***** Exercise input
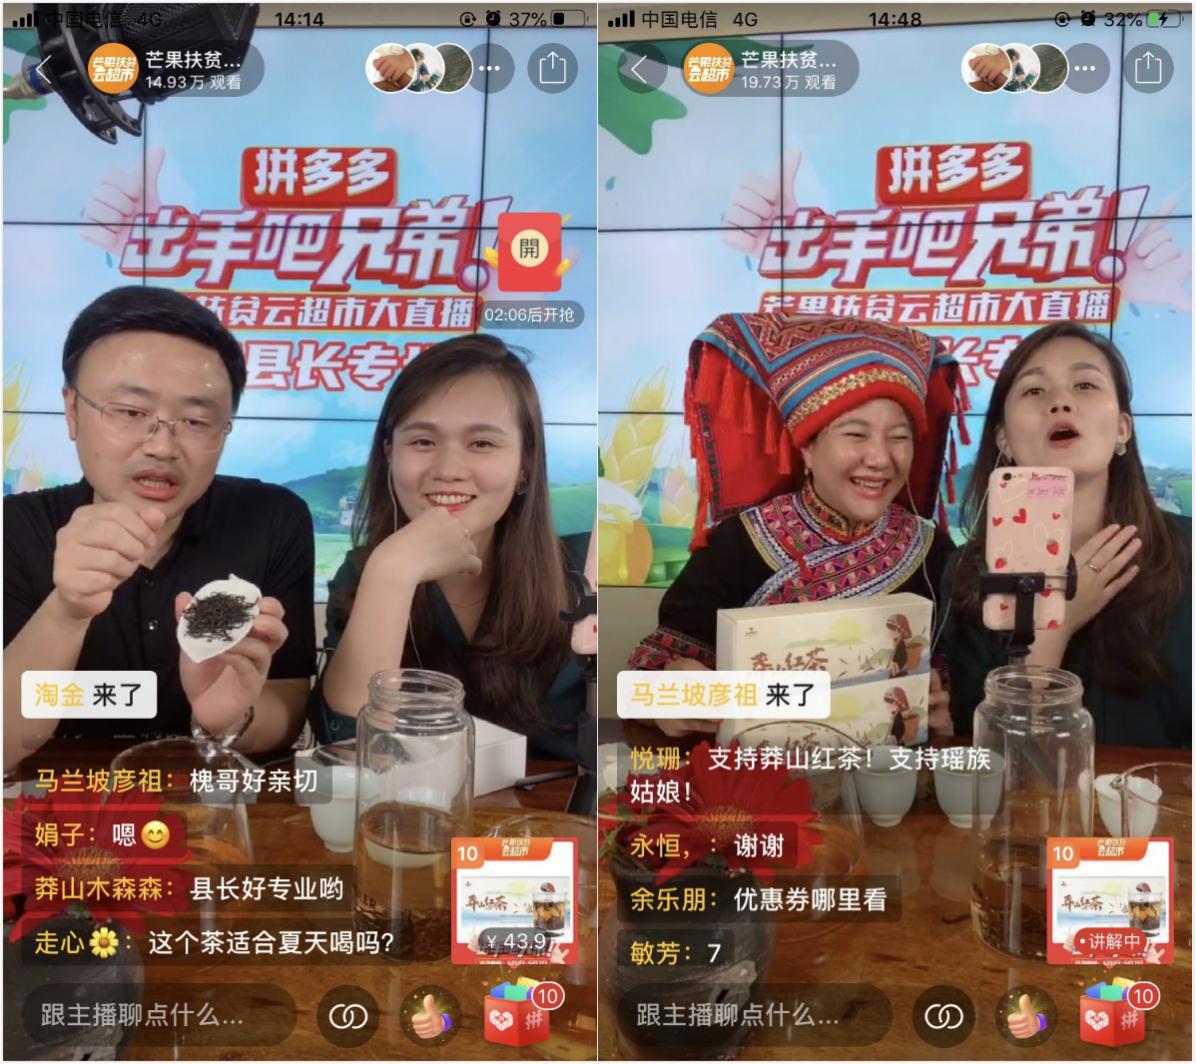 湖南宜章:31万拼多多网友围观县长泡茶 带动莽山瑶族茶叶电商销量上涨210%
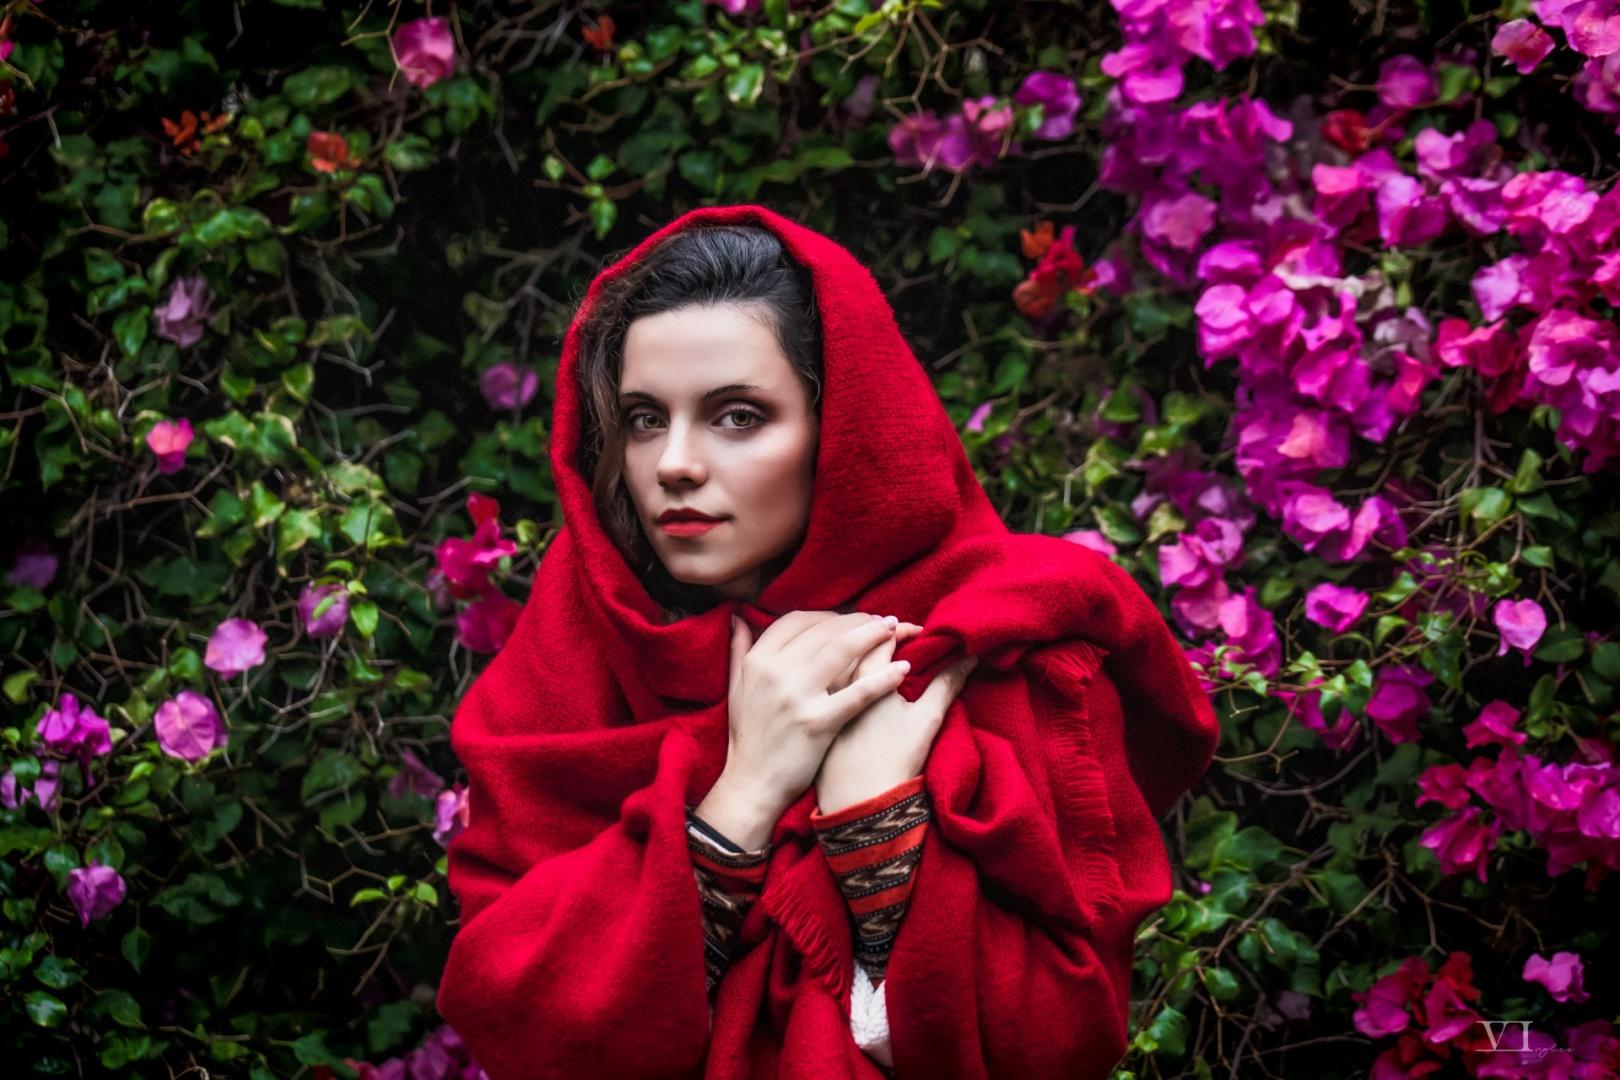 Retratos/Red Riding Hood
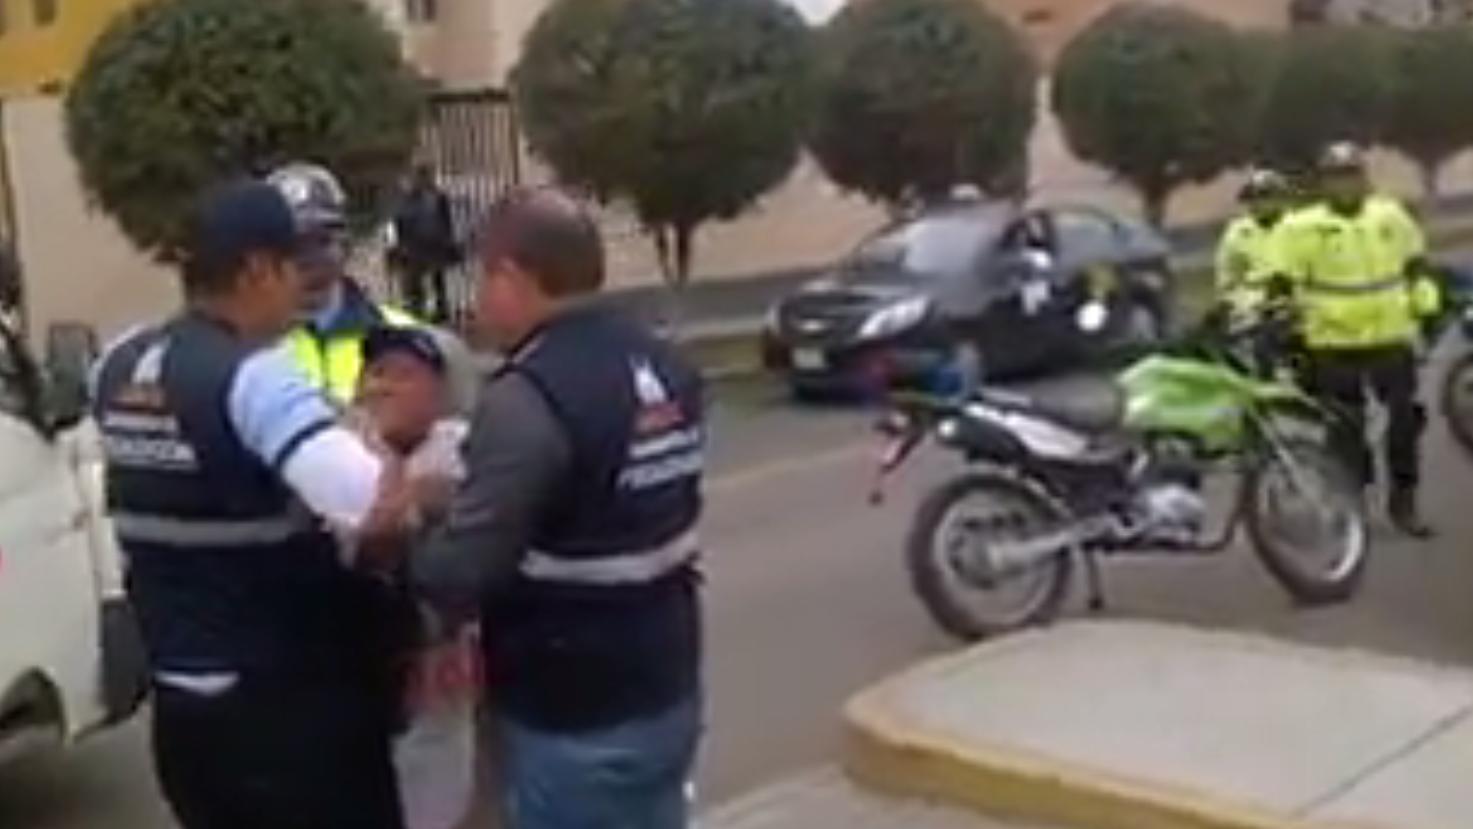 El video en donde se observa a agentes de la Municipalidad de Surco maltratar a una adulta mayor generó la indignación de los usuarios de Facebook.
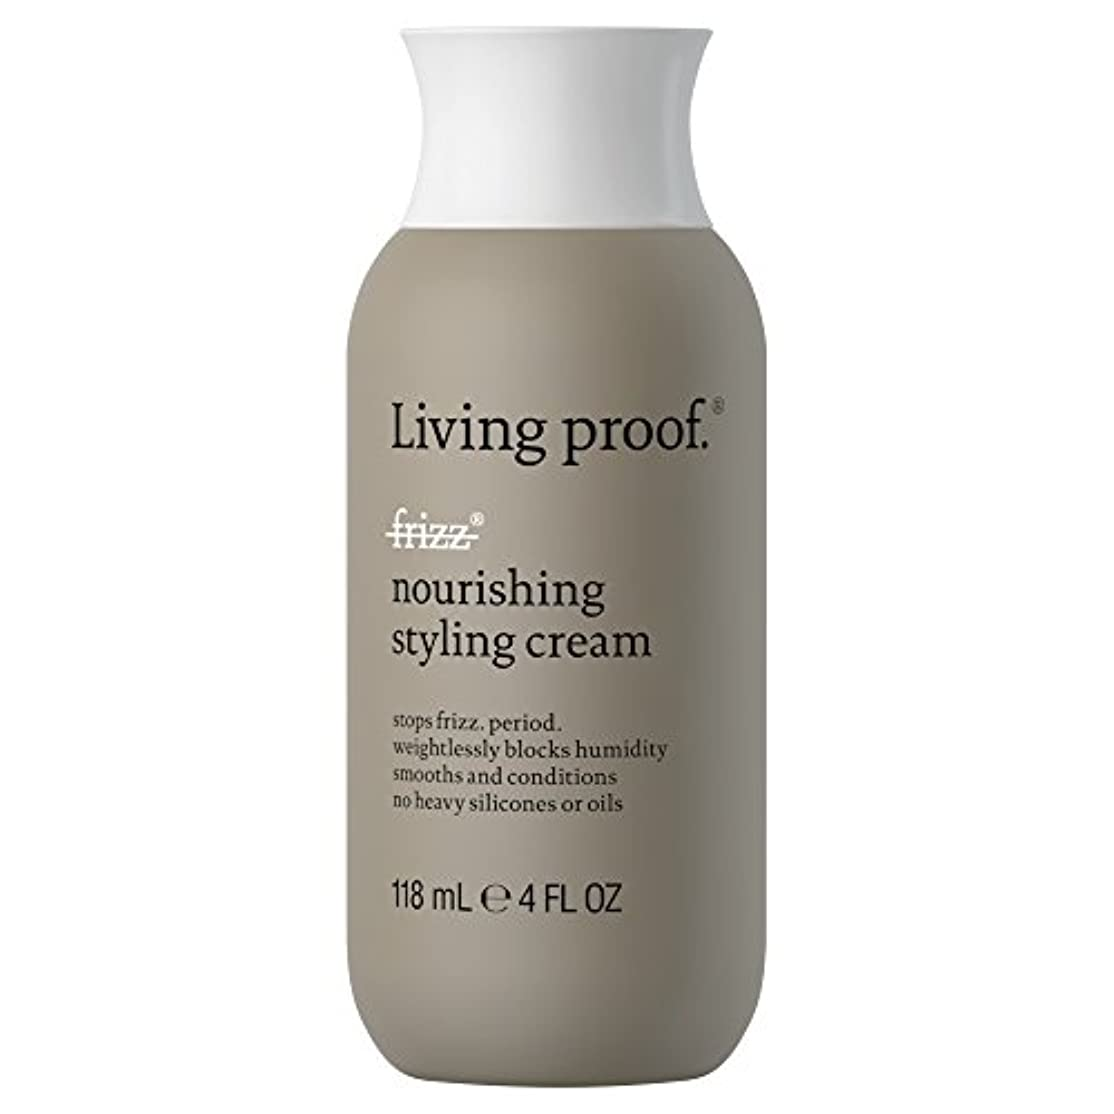 生きている証拠なし縮れ栄養スタイリングクリーム118ミリリットル (Living Proof) - Living Proof No Frizz Nourishing Styling Cream 118ml [並行輸入品]
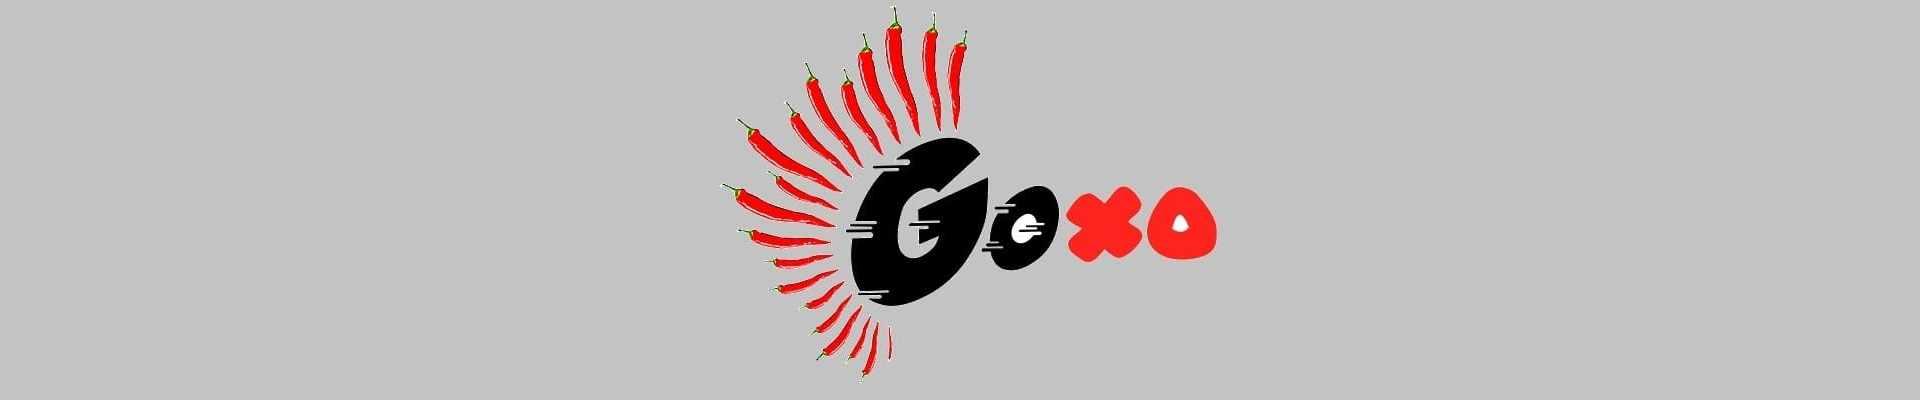 El GoXO a domicilio abre sus puertas en Barcelona
**********
> [Your goal]
Could you return all the entries exactly as they appear, minus the pictures?

> [The completed task]
 湖南宜章:31万拼多多网友围观县长泡茶 带动莽山瑶族茶叶电商销量上涨210%
 Retratos/Red Riding Hood
 El video en donde se observa a agentes de la Municipalidad de Surco maltratar a una adulta mayor generó la indignación de los usuarios de Facebook.
 生きている証拠なし縮れ栄養スタイリングクリーム118ミリリットル (Living Proof) - Living Proof No Frizz Nourishing Styling Cream 118ml [並行輸入品]
 El GoXO a domicilio abre sus puertas en Barcelona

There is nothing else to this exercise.